We will load our data the same way we did in the previous notebook.

In [None]:
# Load counts_df
counts_df = pd.read_csv(path_counts, comment="#", sep="\t", index_col=0)
gene_info = counts_df.iloc[:, 0:5]
counts_df = counts_df.iloc[:, 5:]
counts_df = counts_df.rename(
    columns=
    {
        counts_df.columns[0]:"Parental1",
        counts_df.columns[1]:"Parental2",
        counts_df.columns[2]:"Persister1",
        counts_df.columns[3]:"Persister2",
        counts_df.columns[4]:"Persister3"
    }
)
counts_df = counts_df.T
counts_df.head()

In [None]:
# We now need to create a sample information table with the condition of each sample
metadata = pd.DataFrame(index=counts_df.index)
metadata["condition"] = metadata.index.str[:-1]
metadata

In [None]:
# Filtering out any samples that don't have a condition
samples_to_keep = ~metadata.condition.isna().values
counts_df = counts_df.loc[samples_to_keep]
metadata = metadata.loc[samples_to_keep]

In [None]:
# Filter genes that have less than 10 counts in all samples
genes_to_keep = counts_df.columns[counts_df.sum(axis=0) >= 10]
counts_df = counts_df[genes_to_keep]

# 2) Running DESeq2

In [None]:
# This let's us use multiple processors (cpus) to speed up the analysis
inference = DefaultInference(n_cpus=4)

In [None]:
# This is the data structure that DESeq2 will use
# It is common for packages to implement their own data structures 
# that store all the information needed for the analysis
dds = DeseqDataSet(
    counts=counts_df,  # The counts table
    metadata=metadata,  # The sample information table
    design_factors="condition",  # The column in the metadata that specifies the condition with which to compare
    refit_cooks=True,  # This is a setting that can help with outliers
    inference=inference,  # The inference engine to use
)

In [None]:
# Run the DESeq2 pipeline!!! It's that easy!
dds.deseq2()

In [None]:
# Extract the results of the analysis for the comparison of Persister vs Parental
stat_res = DeseqStats(dds, inference=inference, contrast=["condition", "Persister", "Parental"])
stat_res.summary()

In [None]:
# Grab the dataframe with the differential expression results and print the first few rows
res = stat_res.results_df
res.head()

# 3) Mapping to gene symbols

The featureCounts tool we used to count reads used a different identifier for genes than the symbols most people are familiar with. So we need to map the gene identifiers to gene symbols. We use a function from the sanbomics package to do this.

In [None]:
# Let's import the specific function we need from sanbomics
from sanbomics.tools import id_map

In [None]:
# Let's load the id mapper for human
mapper = id_map(species = 'human')
mapper

In [None]:
# We can now map the ensembl gene ids to gene symbols and check it
res["ensembl_gene_id"] = res.index.str.split(".").str[0]
res['Symbol'] = res["ensembl_gene_id"].map(mapper.mapper) 
res.head()

In [None]:
# Let's filter out genes that have a baseMean less than 10
res = res[res.baseMean >= 10]
res

In [None]:
# Finally, we can save the results to a csv file using pandas
res.to_csv(f"{path_out}/deseq2_results.csv")

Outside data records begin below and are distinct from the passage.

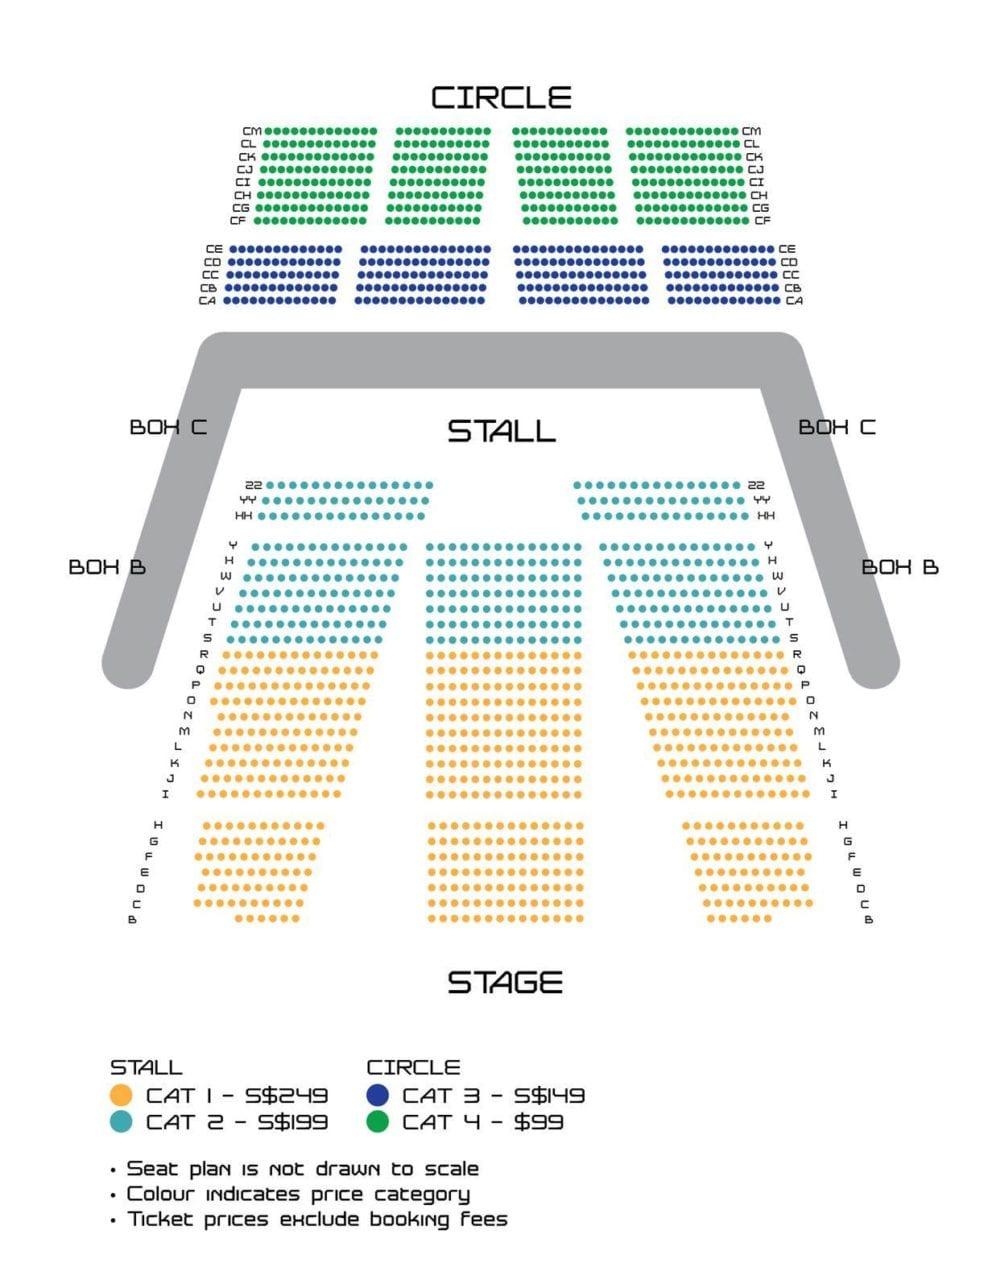 GOT7 Singapore Seating Plan
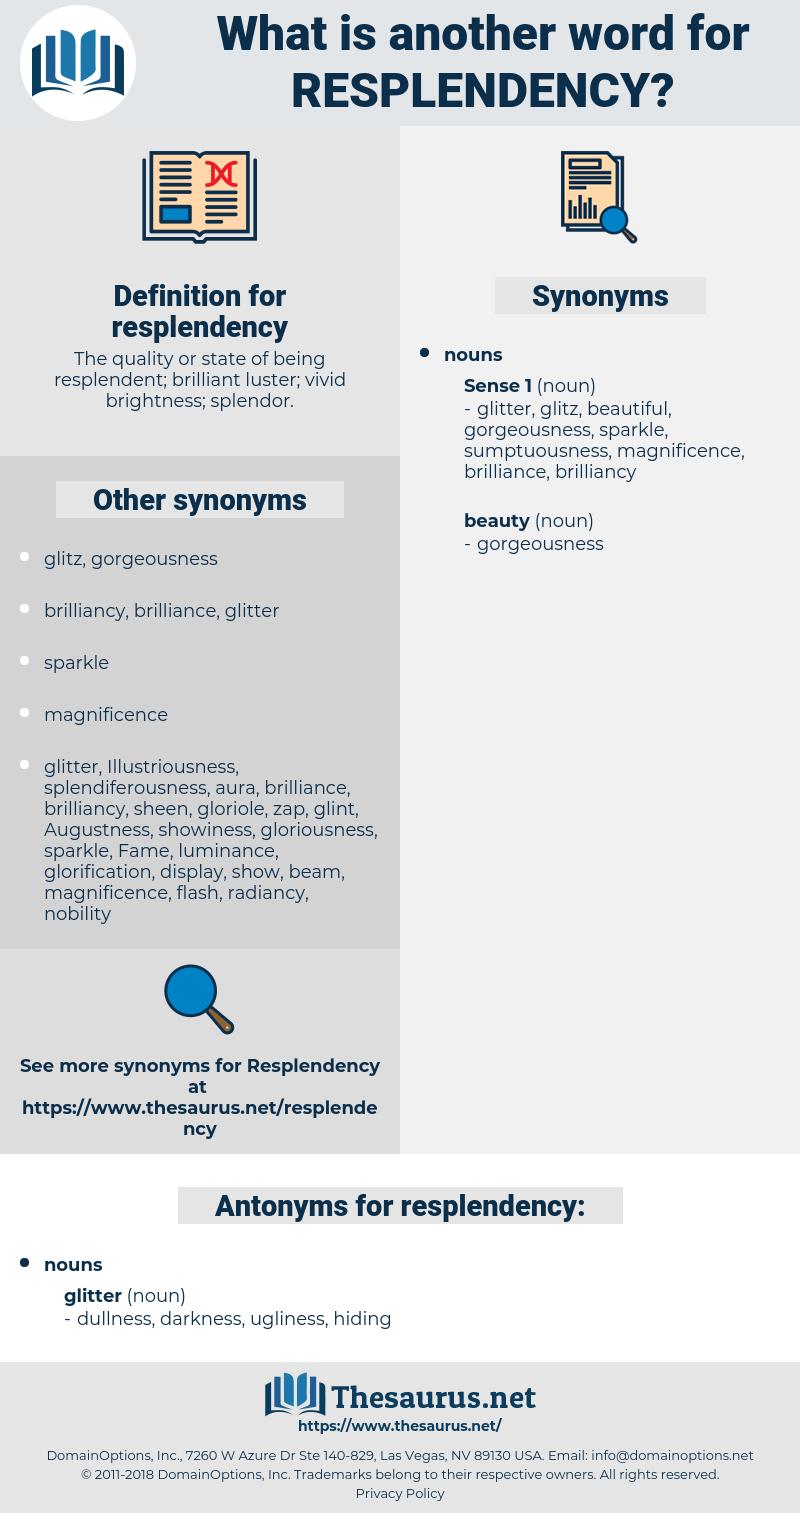 resplendency, synonym resplendency, another word for resplendency, words like resplendency, thesaurus resplendency
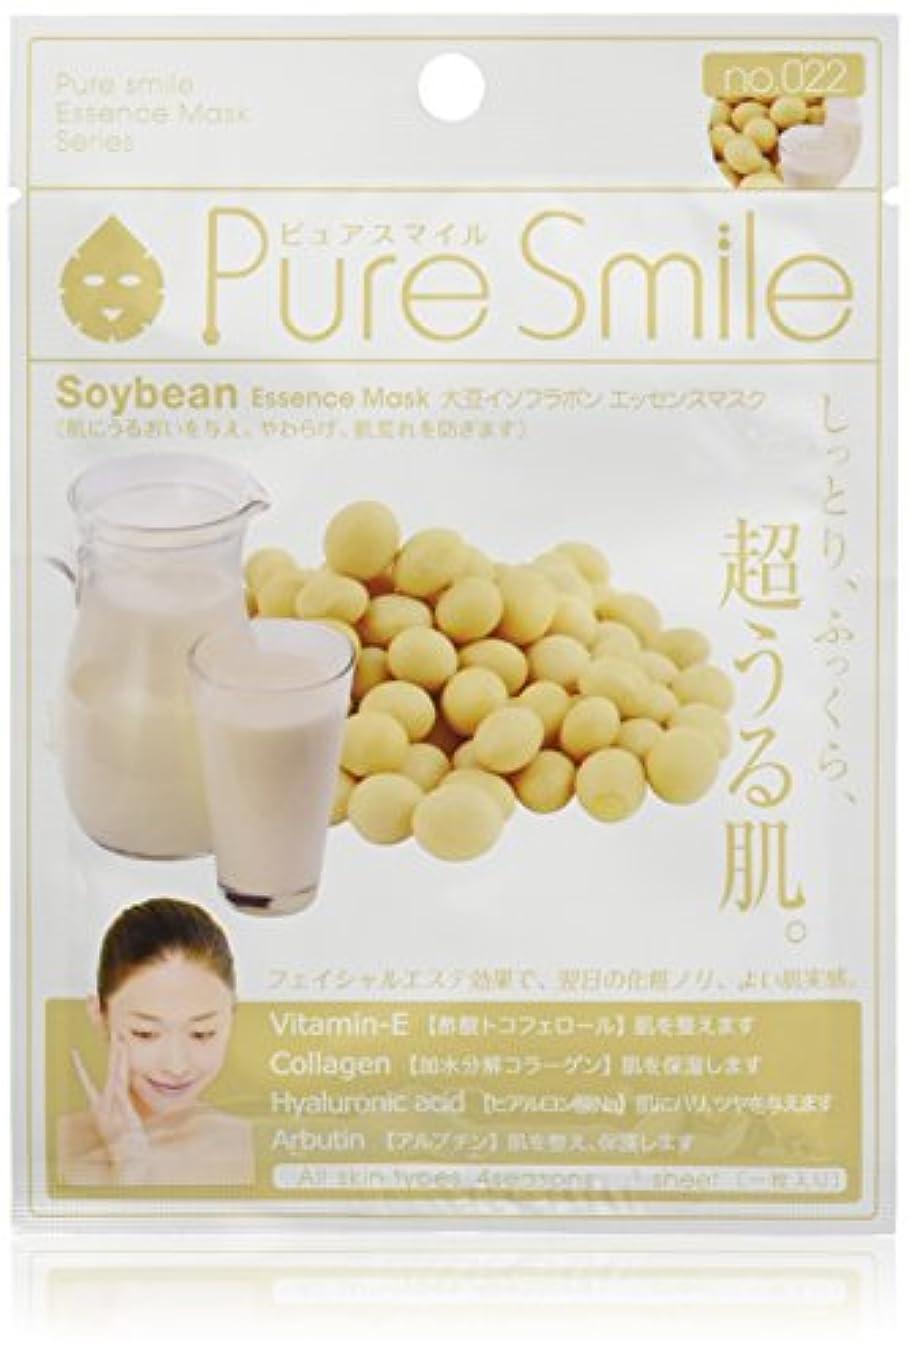 アレキサンダーグラハムベル再生的本質的ではないPure Smile ピュアスマイル エッセンスマスク 大豆イソフラボン 6枚セット

# 4) Some useful visualizations

## Volcano plot

Volcano plots are a useful way to visualize the results of a differential expression analysis. The x-axis shows the log2 fold change and the y-axis shows the -log10 of the p-value. The points are colored based on whether they are significantly differentially expressed or not.

In [None]:
# Let's do a little bit more manipulation to make the results so we see gene symbols when we plot
res["Geneid"] = res.index
res = res.set_index("Symbol")

In [None]:
# Let's use the decoupler package to plot a volcano plot
dc_pl.volcano(
    res,  # The results table
    x='log2FoldChange',  # The column with the log2 fold changes will be on the x-axis
    y='padj',  # The column with the adjusted p-values will be on the y-axis
    top=20,  # The number of top genes to label
    figsize=(5, 5),  # The size of the figure
    thr_sign=0.05,  # The significance threshold to use for padj
    thr_stat=1,  # The log2 fold change threshold to use
)

In [None]:
# Same, but now shwoing the specific gene Hangauer et al. focused on. We'll do this in two separate steps.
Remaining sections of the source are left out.